* **Exercise goal**
The required result is an exact copy of every line from the one with "Ingredients to make" through the last line below, with the pictures left out.

:: Dataset excerpt ::

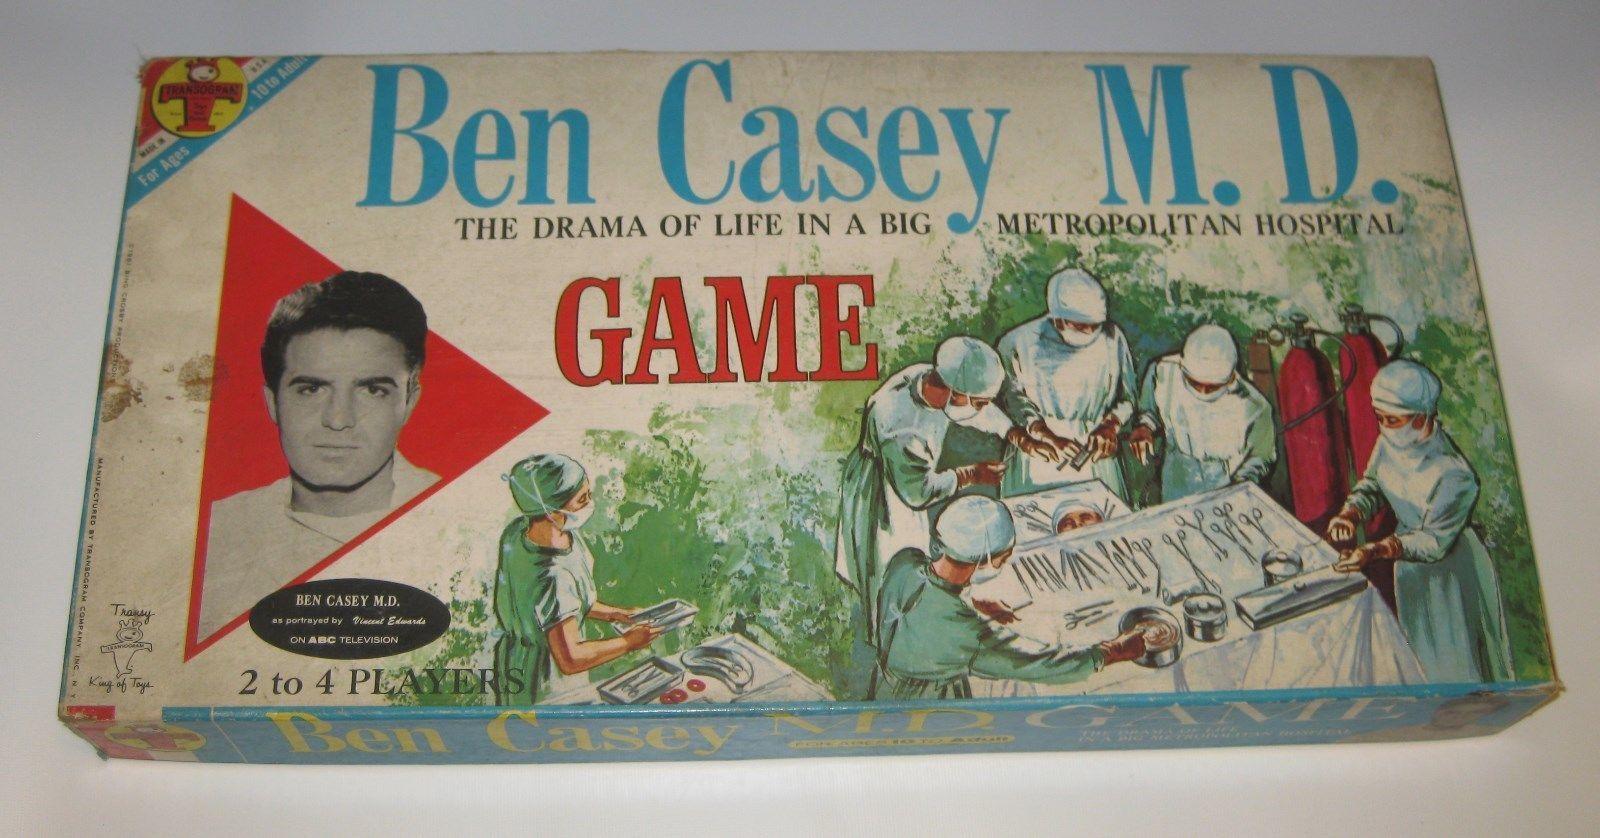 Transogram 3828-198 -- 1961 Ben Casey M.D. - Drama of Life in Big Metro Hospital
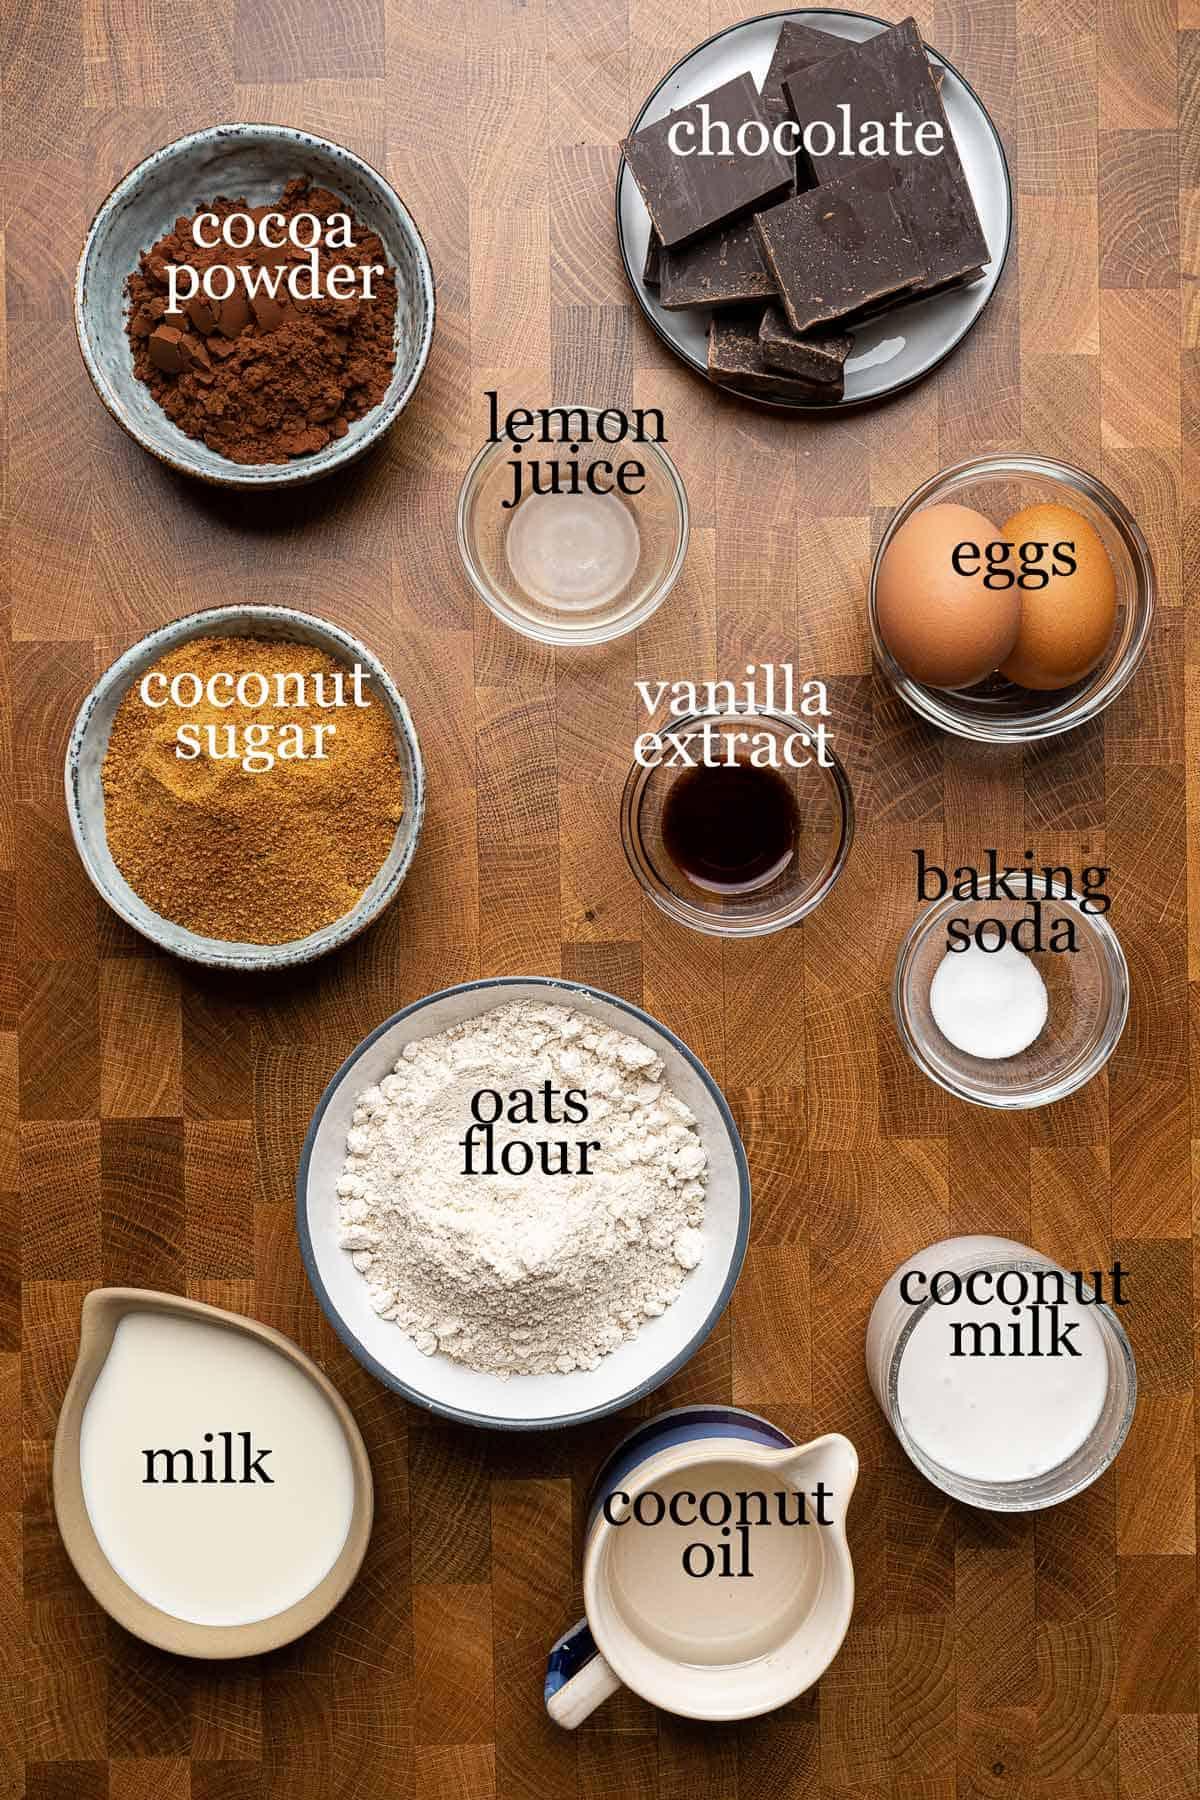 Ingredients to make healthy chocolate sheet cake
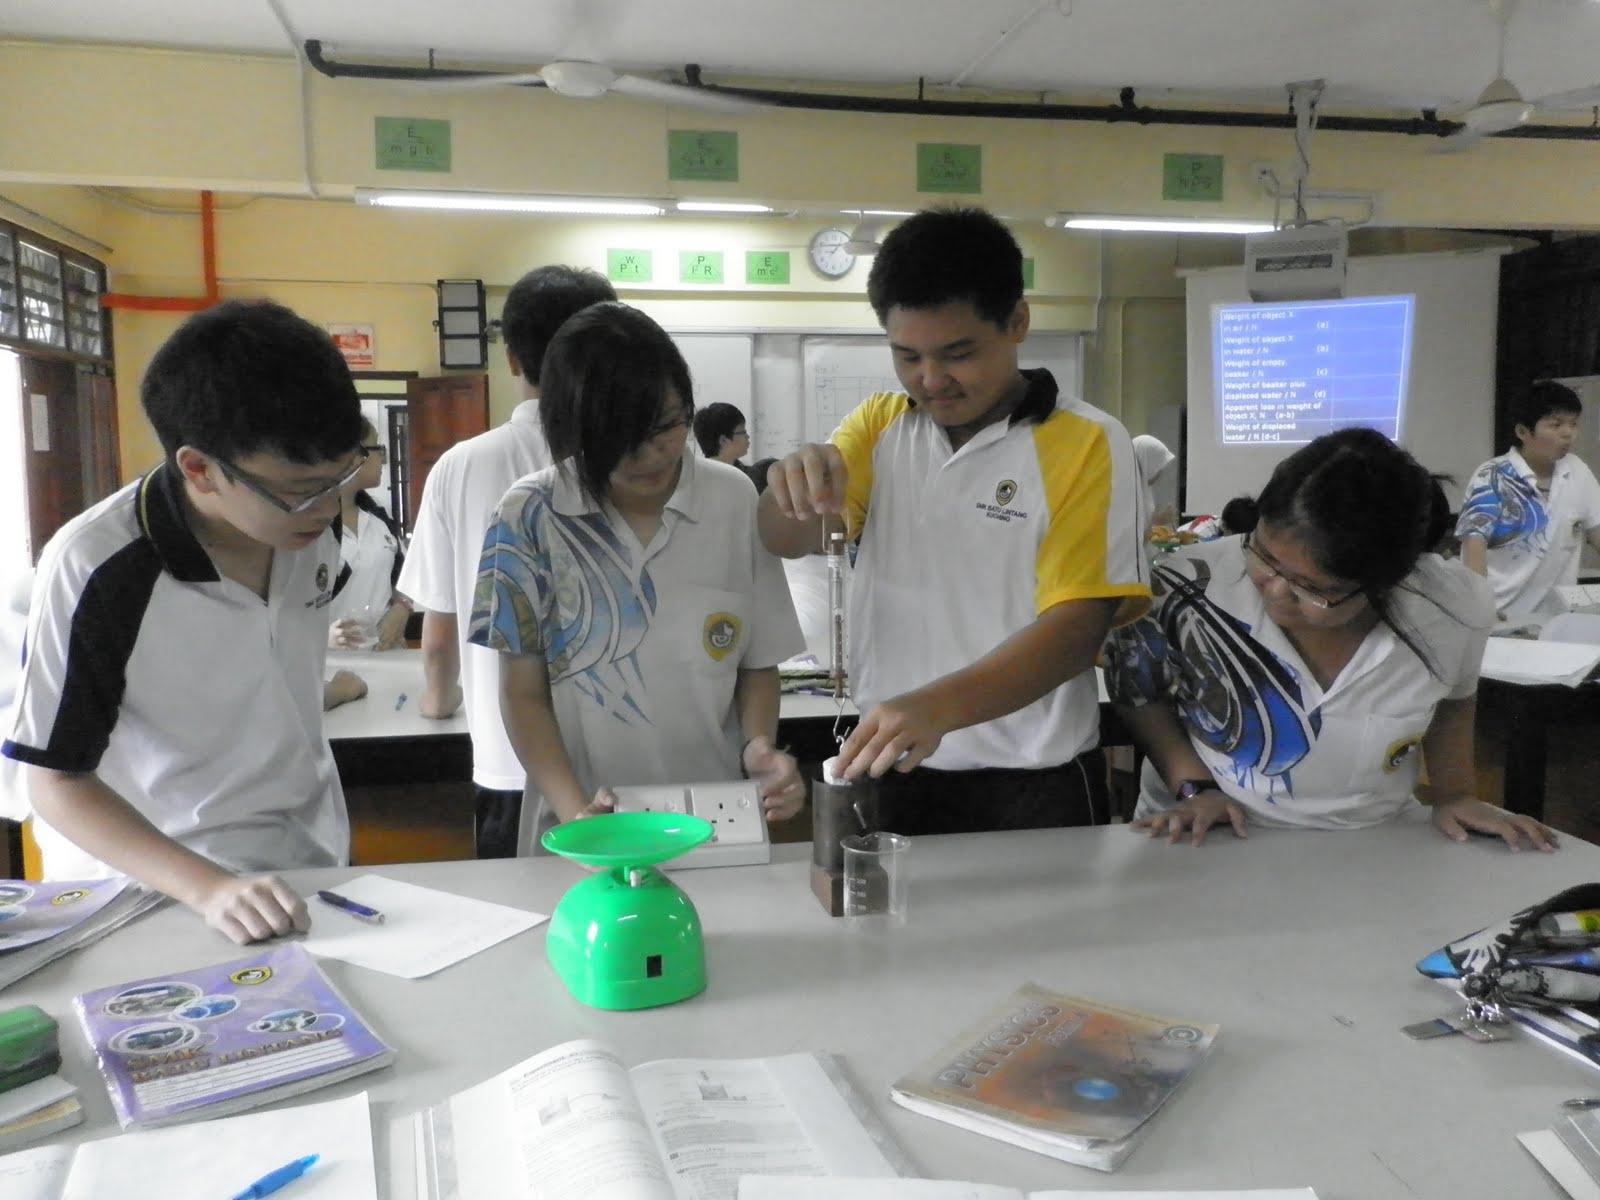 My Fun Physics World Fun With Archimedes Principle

:::

* **Problem solution**
 Ingredients to make healthy chocolate sheet cake
 My Fun Physics World Fun With Archimedes Principle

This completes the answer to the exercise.